Exports make up 30 percent of the New Zealand economy. About two-thirds of the nation’s overseas sales go to Asia and Australia.
Rocked by Quakes
Christchurch, the nation’s second-biggest city, has been rocked by quakes since September 2010, including a temblor in February that killed 181 people and closed the central business district. Most recently, an aftershock on Dec. 23 forced malls to close and delayed demolition work.
“We took account of the latest aftershocks” in yesterday’s rate decision, Bollard said. The governor changed the wording in his post-meeting statement yesterday, leading economists to suggest he is likely to leave borrowing costs lower for longer than he intended a month ago.
The outlook for rebuilding “remains subject to a high degree of uncertainty,” Bollard said today. “Reconstruction is projected to eventually provide a boost to demand. Spare capacity and labor will be absorbed rapidly and inflation pressures will pick up from current low levels.”
Before last month’s aftershocks, the central bank assumed that about NZ$20 billion of damaged property would be rebuilt, equivalent to 10 percent of GDP, Bollard said.
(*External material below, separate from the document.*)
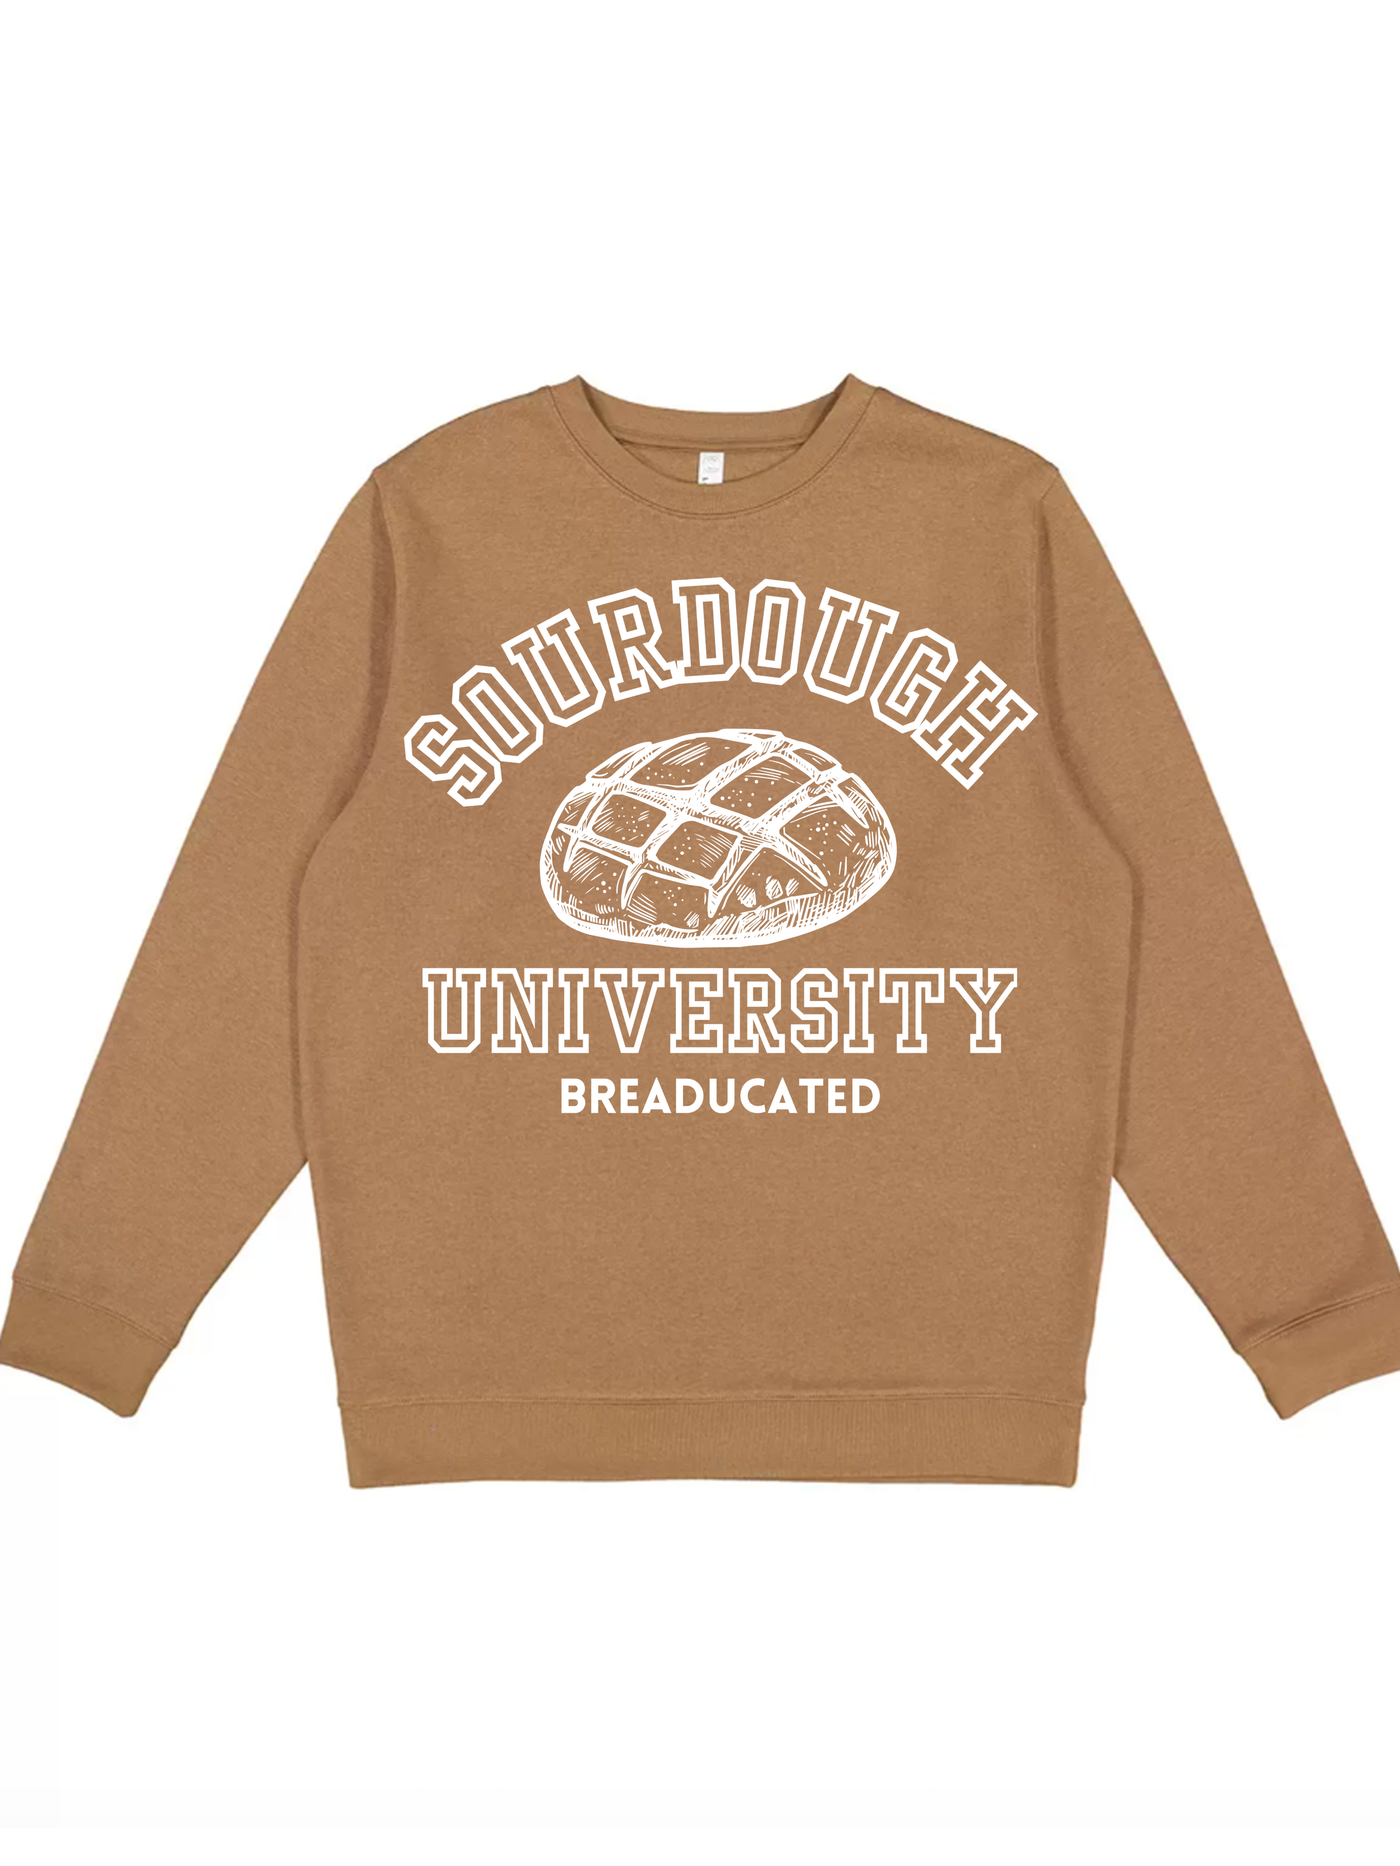 Sourdough University Tee/Sweatshirt

The sum could rise as material and construction costs increase, he said.
The central bank estimates the total cost of claims from the earthquakes may be as much as NZ$30 billion which includes temporary accommodation, business interruption and non-build related costs, he said.
Bollard in December forecast annual economic growth will improve to 3 percent this year and 3.3 percent in 2013. Excluding the contribution from Christchurch reconstruction, growth would be 2.2 percent in 2012, the central bank said.